NAGASAKI -- "I wanted him to live longer," says Hidetaka Komine, 78, director of the Nagasaki Atomic Bomb Survivors Council, of his friend Sanae Ikeda, a fellow hibakusha who died in May aged 86.
Komine stands by a flowerbed on the banks of the Urakami River in Nagasaki. The river runs near the hypocenter of the atomic bomb the U.S. military dropped on the city on Aug. 9, 1945. Seventy-four years ago, the river was awash with the corpses of people who died seeking water.
As part of activism to ensure the events of August 1945 would never be repeated on this ground, and to remember the victims, the idea of surrounding the river with flowers was proposed in 2014 by Ikeda. Komine remembers him here.
Ikeda was some 2 kilometers away from the blast's hypocenter, in which he lost five siblings and was also hurt. After the war, he supported his parents, who suffered from radiation sickness, while throwing himself into testimonial activism as a hibakusha, or A-bomb victim, and also serving as a director of the survivors council.

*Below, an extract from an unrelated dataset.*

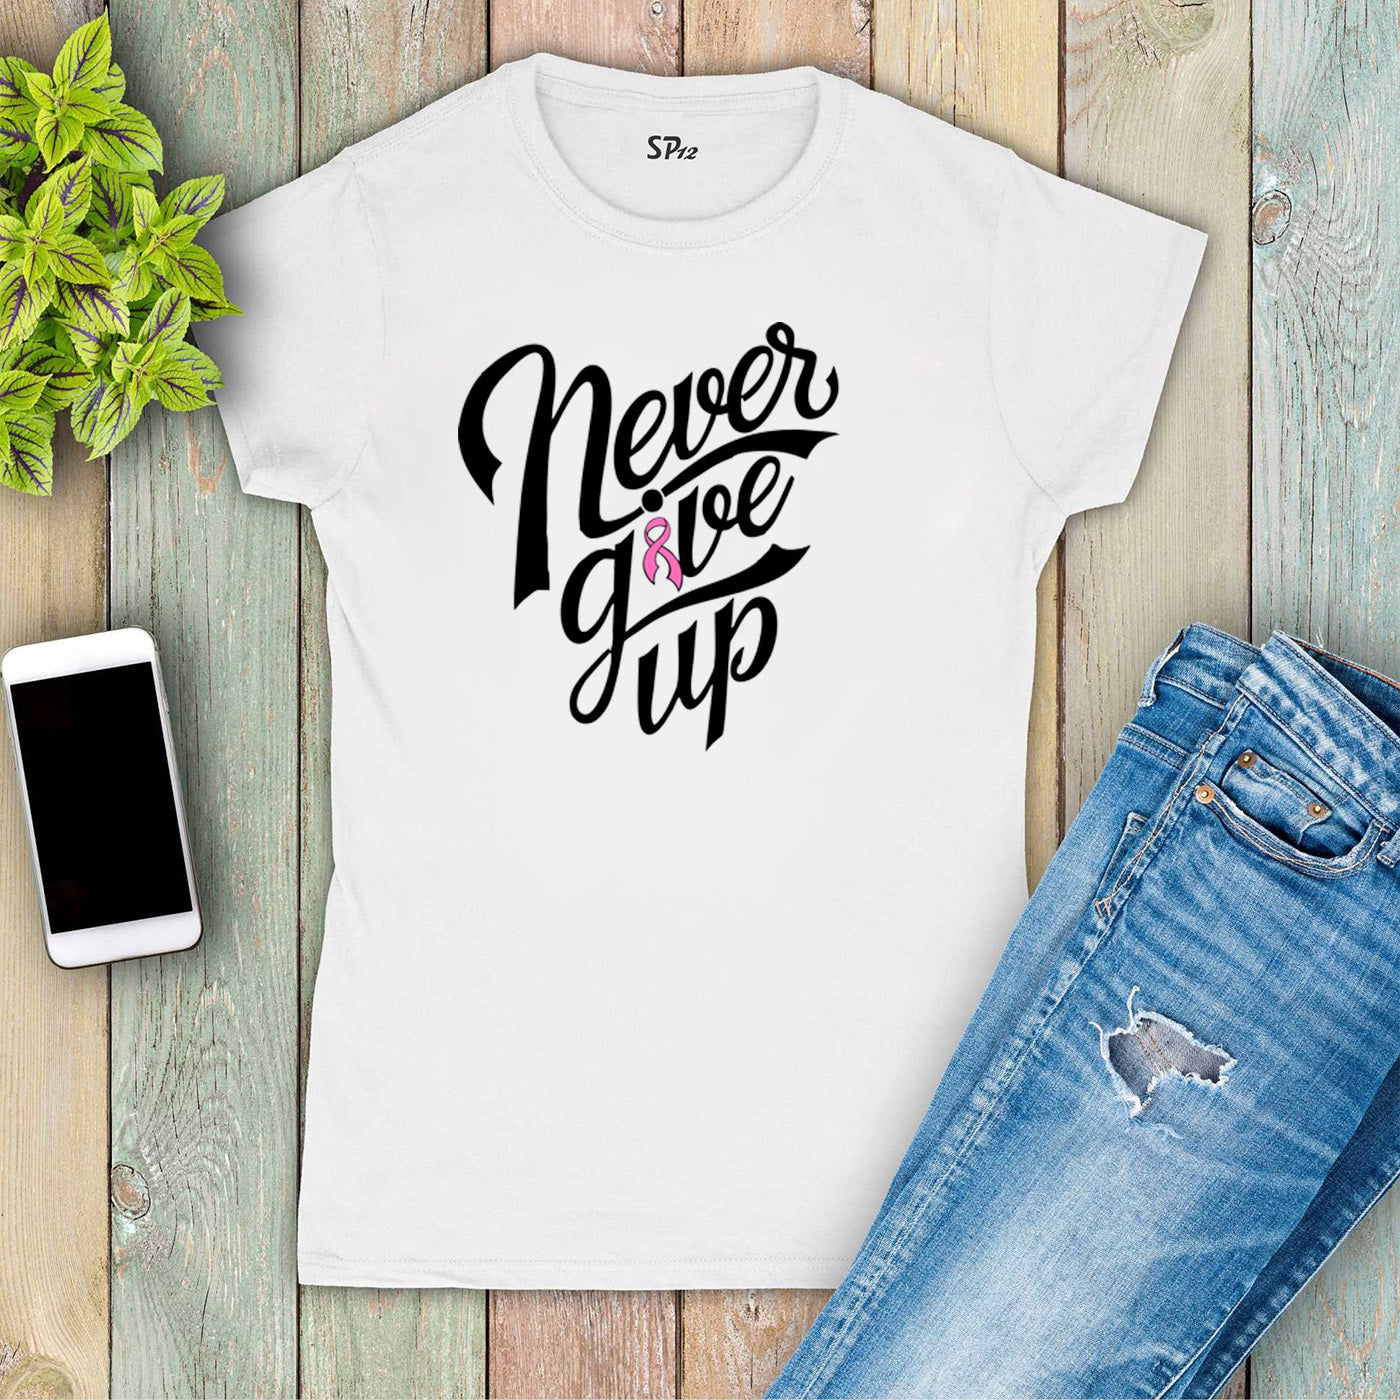 Never Give Up Breast Cancer Awareness Women T Shirt

He and Komine lived in the same neighborhood and were colleagues in the testimonial activities. "We would pour each other's drinks and shoot the breeze," Komine said.
Komine remembers when he traveled with Ikeda and other hibakusha to the U.S. to attend the 2010 Review Conference of the Parties to the Treaty on the Non-Proliferation of Nuclear Weapons and speak about their experiences.

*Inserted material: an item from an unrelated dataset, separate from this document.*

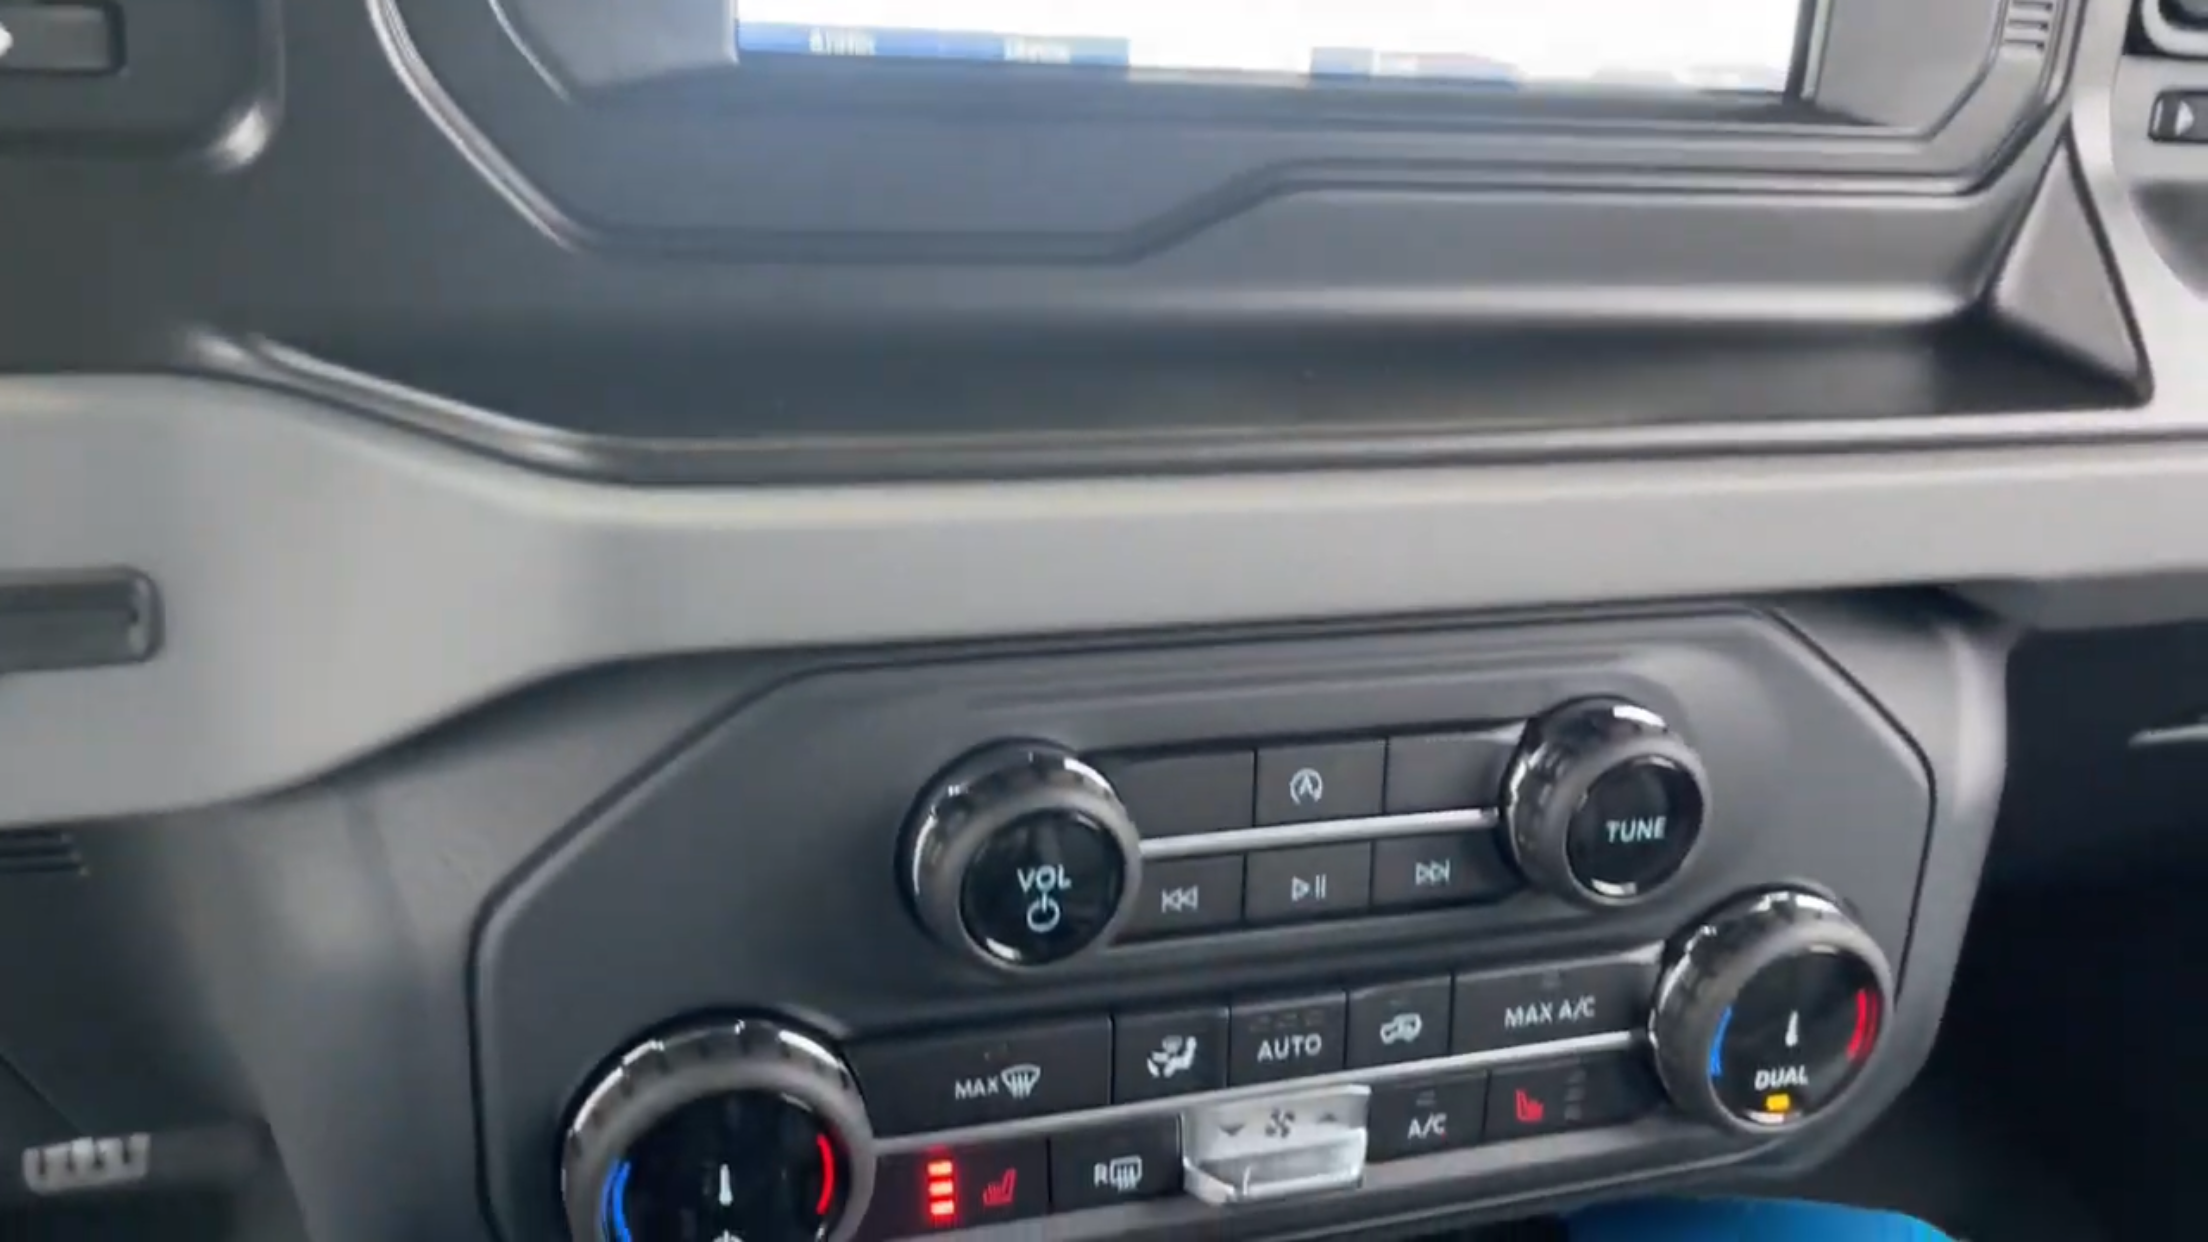 Ford Bronco 2022 Broncos No Longer Have Temperature Setting Displayed on Control Knobs 1642789133480

Before the trip, Ikeda told Komine he hated the U.S. and didn't want to go. But when he arrived back in Japan he told him he was glad they went. Komine asked him jokingly if he'd made some money out of it; Ikeda replied that he hadn't expected the reception they got in the U.S. When he told his story, one of his listeners cried, apologized and sought to embrace him, he said.
Komine has similar experiences from when he traveled to the U.S. in 2004 to talk about being a hibakusha.
Komine was near his home in Nagasaki, some 1.5 kilometers away from the blast's hypocenter, on Aug. 9, 1945. Aged just 4 when the bomb fell, he was left unable to walk straight from severe injuries to his legs, and experienced discrimination as a result.
"I had assumed that people (in the U.S.) thought 'the war ended thanks to the atomic bombings,'" he said. But from the audiences' reactions to his story, he discovered that he could change their preconceptions and share mutual empathy transcending national borders. "War starts not between the people. It's incited at the convenience of politicians, industrialists and military personnel," he said.
In the flowerbeds whose care he inherited from Ikeda, marigolds wavered in the sun. While plucking weeds, Komine said, "Ikeda told me he cremated his younger brother's corpse where the Japanese National Railways building is by the river. He was only 12 years old. No one would want to experience a thing like that."
This summer, Komine vowed anew to do what he can to ensure the tireless effort Ikeda made to convey the realities of that day are not wasted.
He believes he can do it, "For the listener and the speaker, it's in no way an enjoyable topic. But all there is to do is to tell what I experienced honestly, in words I would have understood as a child."
He continues to take part in testimonial activism about his experience as a hibakusha.